Patrick Poivre d’Arvor
On clôt provisoirement ce débat, José Bové sera notre invité la semaine prochaine.
Jessy Bitarelle, 19 ans, Caours (80), électricien.
Bonsoir madame. Ma question est sur un sujet qu’on n’aborde jamais. Serait- il possible que les politiciens
ainsi que Bruxelles ne prennent pas les décisions sur les dates d’ouverture et de fermeture de la chasse, et
que ces dates redeviennent comme avant, car ce sont les chasseurs qui peuvent dire quand on peut
chasser, et non vous. Tout simplement. Merci.
Patrick Poivre d’Arvor
C’est les chasseurs et non pas Bruxelles…
Ségolène Royal
De quelle région ?
Jessy Bitarelle
Dans la Somme.
Ségolène Royal
La Somme, ah !
Jessy Bitarelle
Donc je viens défendre la Somme pour les chasseurs.
Ségolène Royal
Sur le gibier d’eau alors ?
Jessy Bitarelle
Pour le gibier d’eau et pour la plaine aussi.
Ségolène Royal
Alors il se trouve que je rencontre les chasseurs demain. Vous savez que moi je suis élue d’un
département rural, les Deux-Sèvres, il y a beaucoup de chasseurs.
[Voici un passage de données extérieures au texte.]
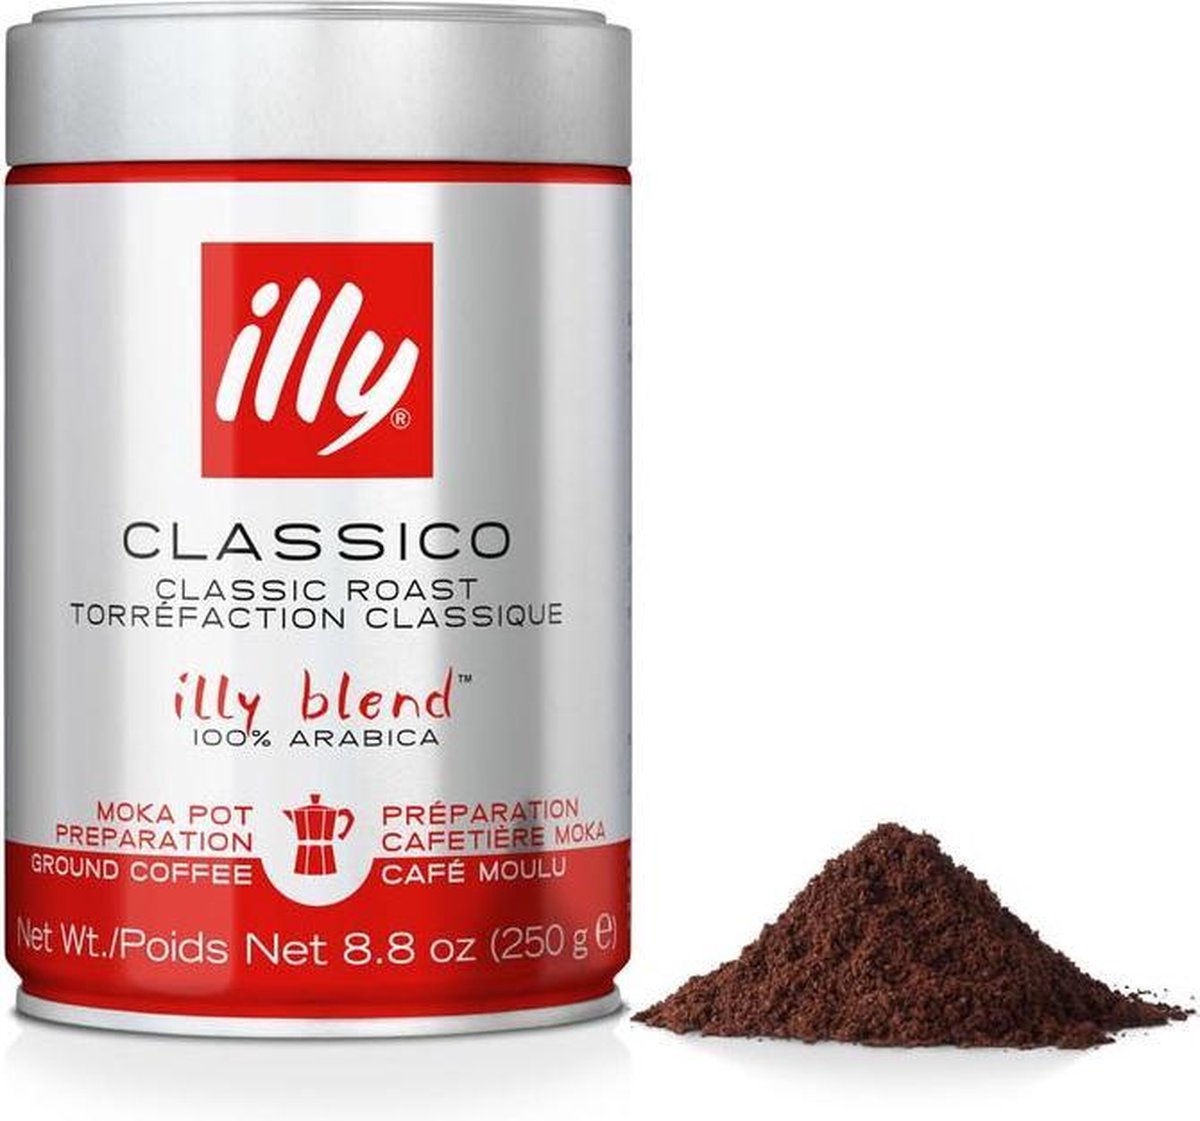 illy - Koffie Moka maling classico 250 G gemalen

Et avec eux j’ai fait des contrats de
reboisement, replanter les haies. Parce que voyez parfois il y a des convergences dans une société, on
essaye de voir ce qu’on peut faire en commun. Quand on replante les haies, ça permet aux oiseaux de
nidifier et donc aux chasseurs de se consacrer à leurs loisirs. Je pense qu’il faut les laisser tranquilles, les
chasseurs. Et en même temps il y a des règles. Pourquoi il y a des règles ? Parce qu’il faut protéger aussi
la biodiversité. Et il faut protéger notamment les moments de reproduction, il ne faut pas qu’il y ait de
chasse à ce moment-là, pour protéger la biodiversité. Et donc je pense qu’il faut trouver des solutions
d’équilibre. Et on en trouve. Parce qu’il y a la connaissance de la ressource cynégétique, il y a le respect
d’un loisir qui doit être respecté en tant que tel, il y a le travail que font les chasseurs dans l’espace rural,
je l’ai dit à l’instant, avec le travail d’éducation avec des enfants, sur la variété des espèces animales. Et
donc je pense que les chasseurs ont toute leur place, mais en même temps je ne serai pas tout à fait
d’accord avec vous quand vous dites que c’est à eux de fixer les dates de chasse. Mais c’est à eux d’être
associés. Les chasseurs n’ont pas non plus envie de détruire tout le gibier…
Jessy Bitarelle
On n’est pas des carnassiers.
Ségolène Royal
De toute façon s’ils détruisent tout le gibier au moment de la reproduction, ils n’ont pas de gibier l’année
suivante. Moi je fais confiance à l’intelligence des gens pour discuter et pour faire en sorte que les règles
soient les plus justes possible.
Patrick Poivre d’Arvor
J’essaie de donner la parole à des gens qui n’ont pas posé de questions. Mademoiselle et ensuite
monsieur…
Sonia Boulila, 19 ans, Chenove (21), lycéenne.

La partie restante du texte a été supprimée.